=== DATA ===

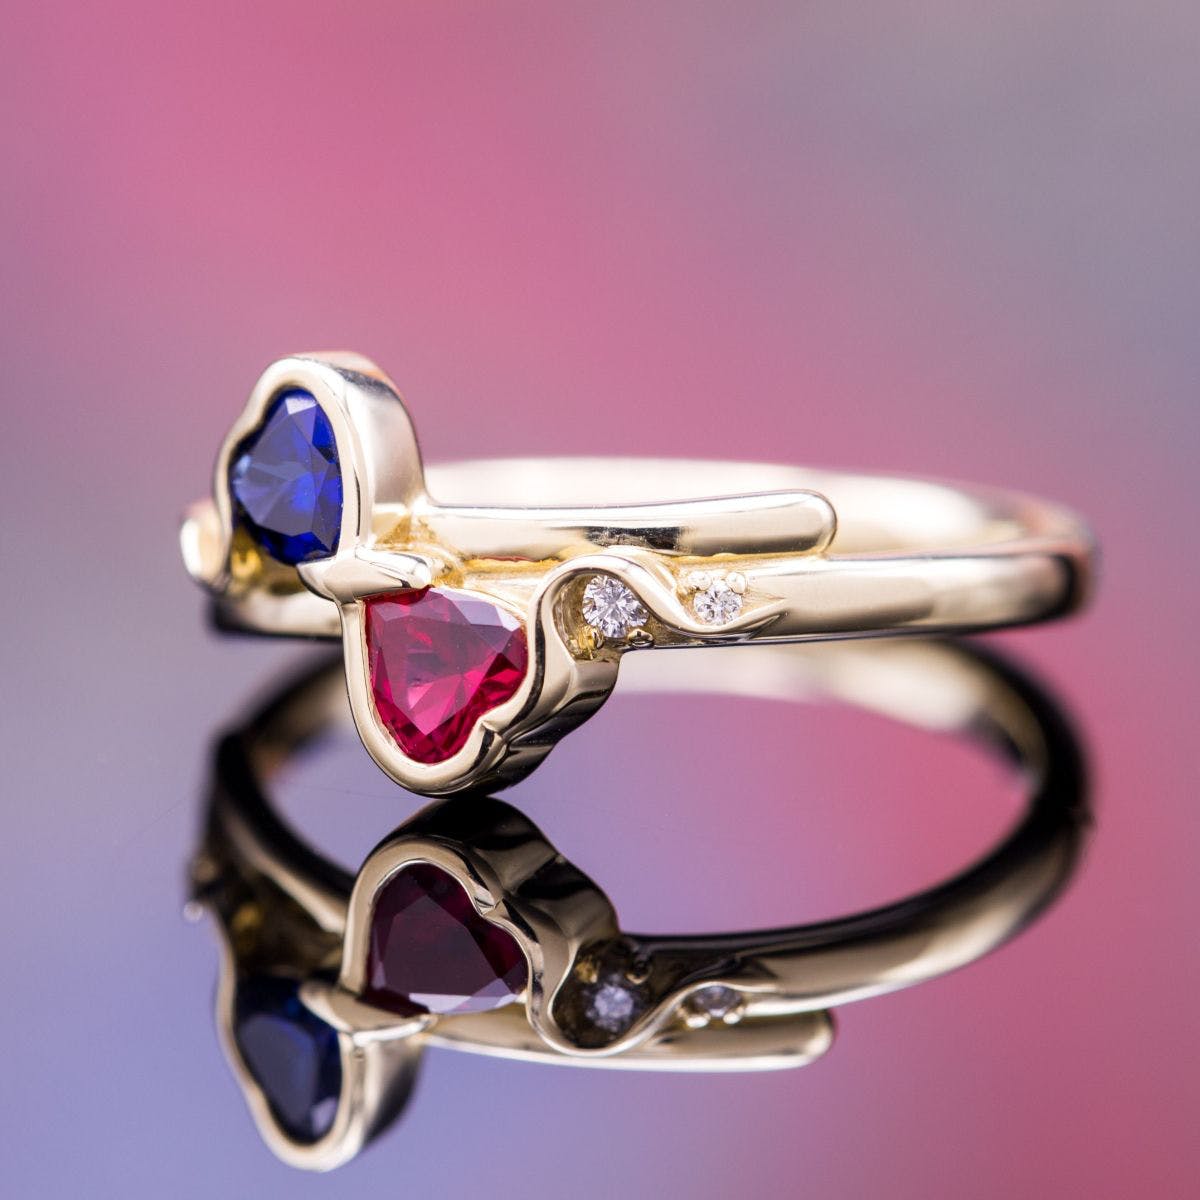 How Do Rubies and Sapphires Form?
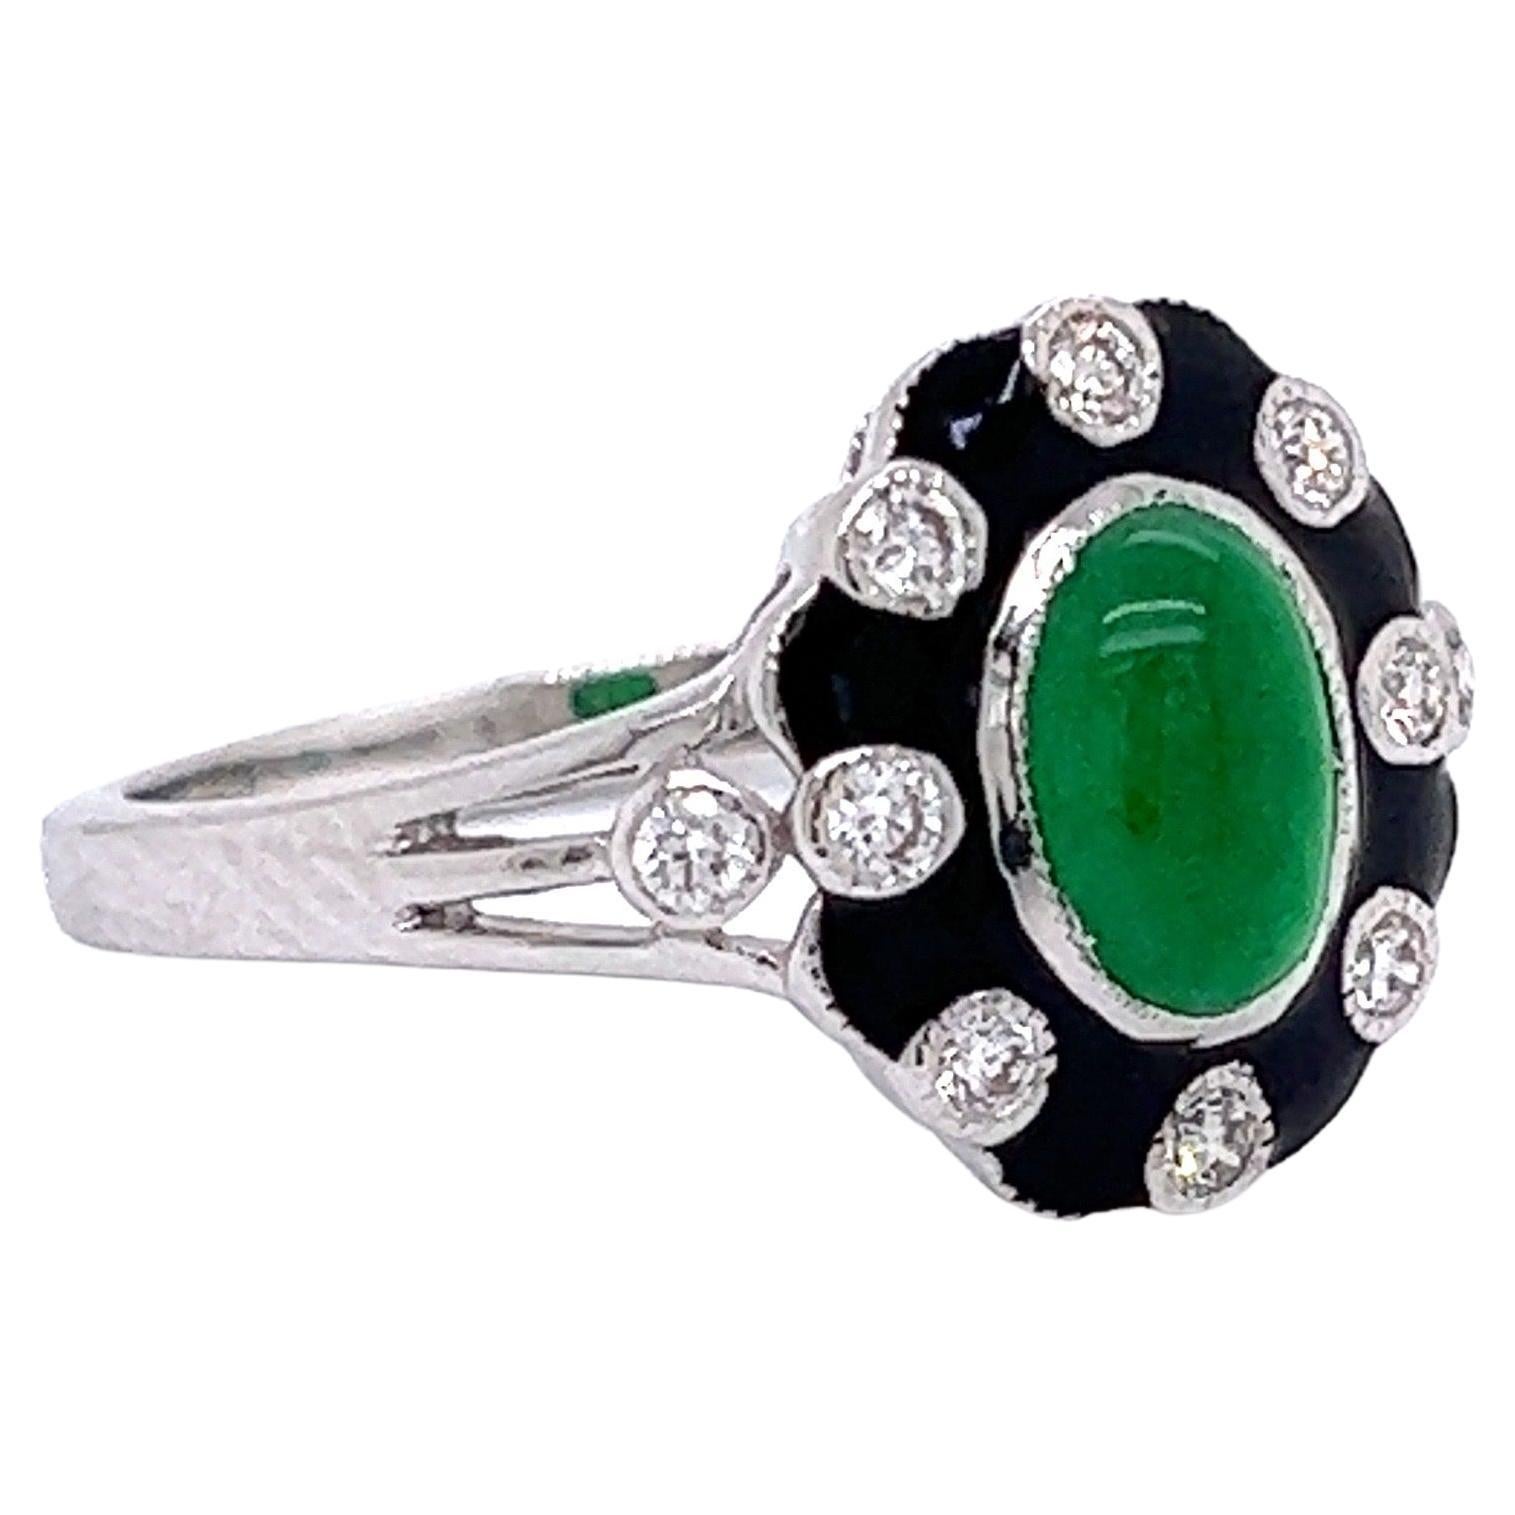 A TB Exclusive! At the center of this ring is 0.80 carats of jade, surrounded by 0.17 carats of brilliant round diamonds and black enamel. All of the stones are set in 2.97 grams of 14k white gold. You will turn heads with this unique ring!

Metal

===

> WHAT IS BEING ASKED
Print the material above verbatim except the pictures.

> THE COMPLETED TASK
 How Do Rubies and Sapphires Form?
 A TB Exclusive! At the center of this ring is 0.80 carats of jade, surrounded by 0.17 carats of brilliant round diamonds and black enamel. All of the stones are set in 2.97 grams of 14k white gold. You will turn heads with this unique ring!

Metal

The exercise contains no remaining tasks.